We don't think we need much more than that. We'll also have ongoing commercial data for transition patients that we're going to collect as well from centers. I think that's going to be a growing data set that will, again, push us to the preferred prostacyclin or first choice because, as some doctors are saying, the way Tyvaso DPI got approved, it was switches from nebulized. Some practitioners are starting on nebulized and then switched to DPI. Now they're saying, why ever start on a nebulized if you can use YUTREPIA from day one? I think, again, it's paradigm shifting. Really, what we're trying to do here is change the standard of care. I think YUTREPIA has the real and true opportunity to become the prostacyclin of not only best in class for the inhaled, but prostacyclin of first choice.
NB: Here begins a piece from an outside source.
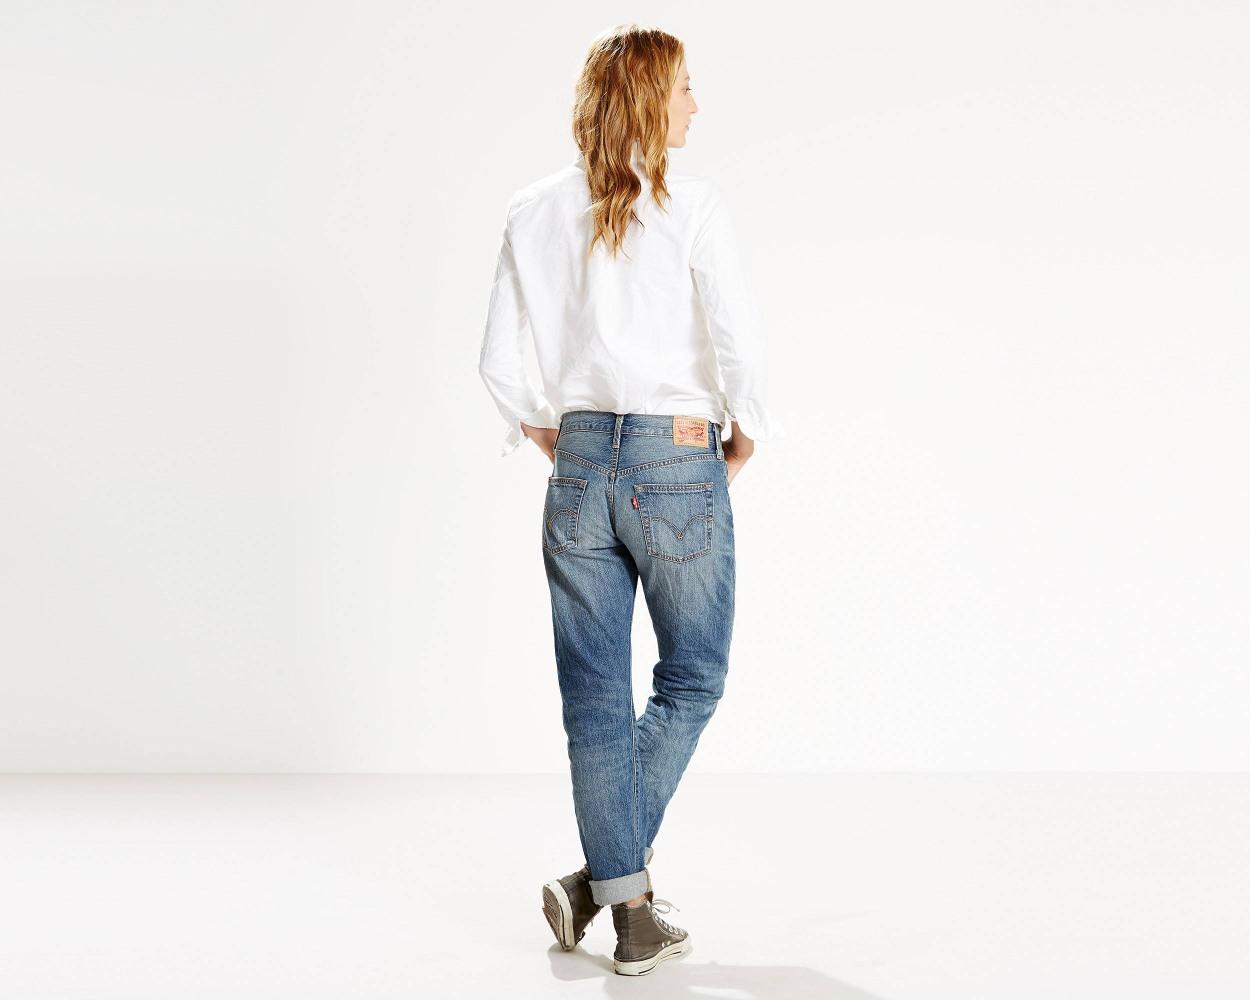 e8339774132 Женские джинсы Levis 501 – True Blue – Интернет магазин одежды Non ...
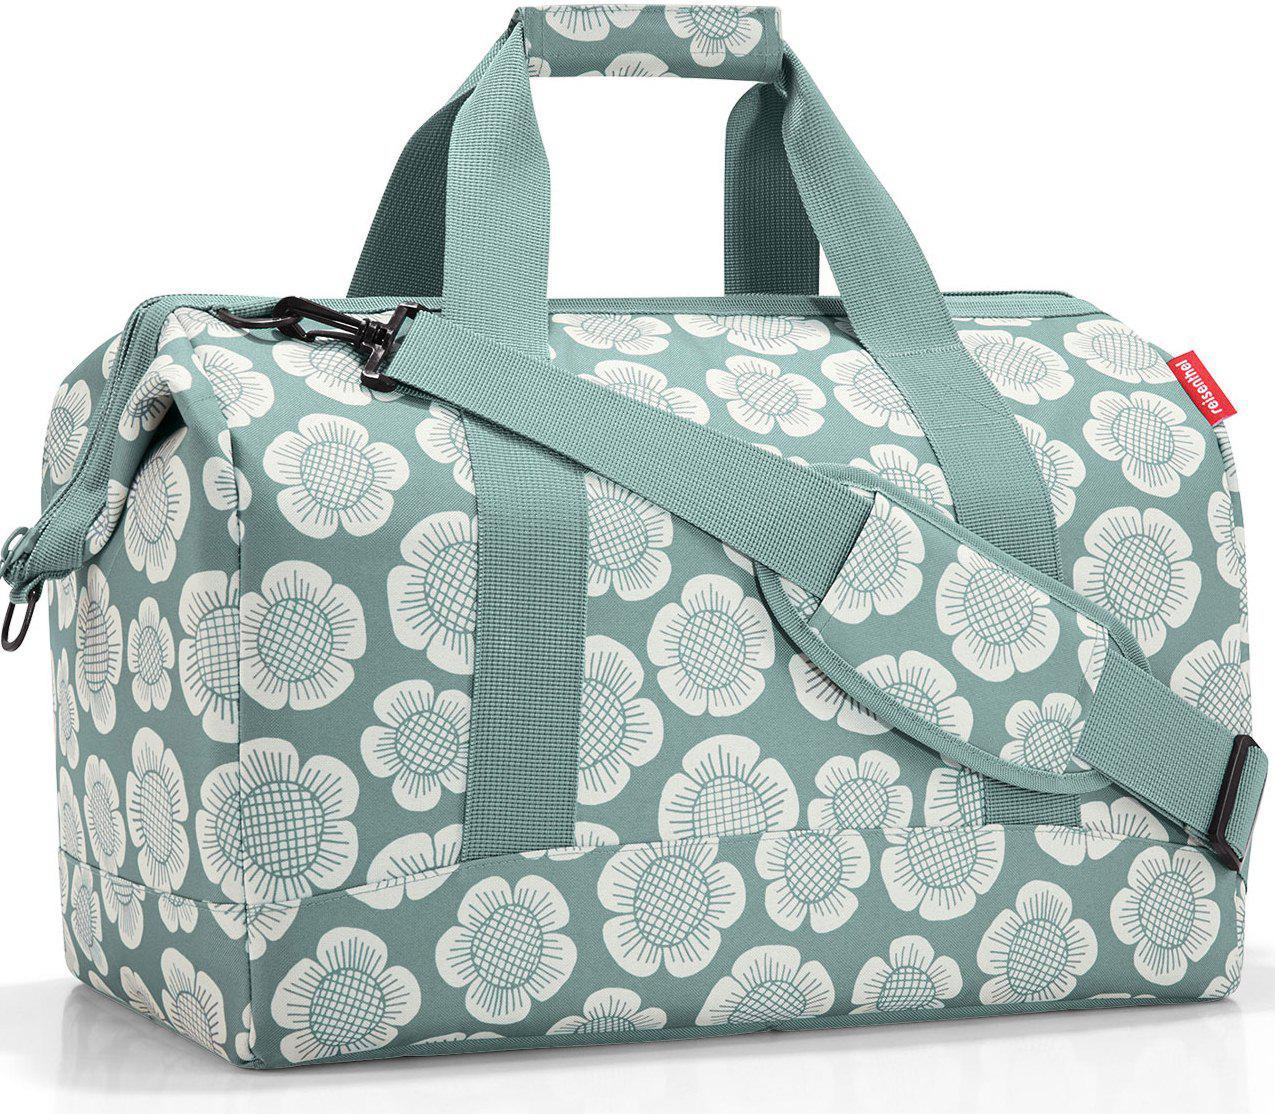 a438618e4c40 Женская дорожная сумка Reisenthel, MT5037, 30 л., текстиль, серый -  SUPERSUMKA

The next thing we'll do is consider how do you take patients on oral prostacyclins who are having significant GI toxicity and move them to YUTREPIA, where we can solve for any off-target effect and give them the same dosing flexibility that they can get with oral if they tolerate it. Again, a lot of opportunity. The oral market's $2 billion in revenue currently in North America. Tyvaso DPI is doing $2 billion. If you broaden out your lens, we're already going to go after what is a $4 billion today opportunity. PH-ILD still hasn't been touched. It's only marginally penetrated. I think it's only in the low double digits. Huge opportunity for us. We don't have to necessarily displace competitive share. I think that will happen naturally, but just huge opportunity to do a lot of good things for these patients and our stakeholders.

Kambi Ziazi
Analyst, Jefferies

Yeah, and maybe just to dwell on that point a little bit longer, how do you counter-detail those oral prostacyclines today? What are some ideas you have long-term? Is there any data you could generate to help your efforts on that front as well?

Roger Jeffs
CEO, Liquidia Corporation

Yeah, so nobody's counter-detailed orals to date because United Therapeutics has both an oral program and one in development and an inhaled program. Their pitch was, "Choose what you want. We can give you both." Our view is going to be oral is potentially toxic. And if you can't tolerate the drug, you then can't titrate it well. You can't get the best benefit. And if YUTREPIA is direct to the site of injury, you're going to have a better outcome with potentially no GI toxicity. It is paradigm shifting. That is a behavioral change that's going to take more time, admittedly. Again, this is very terse and generic. Cardiologists tend to use orals. Pulmonologists tend to use inhaled therapies.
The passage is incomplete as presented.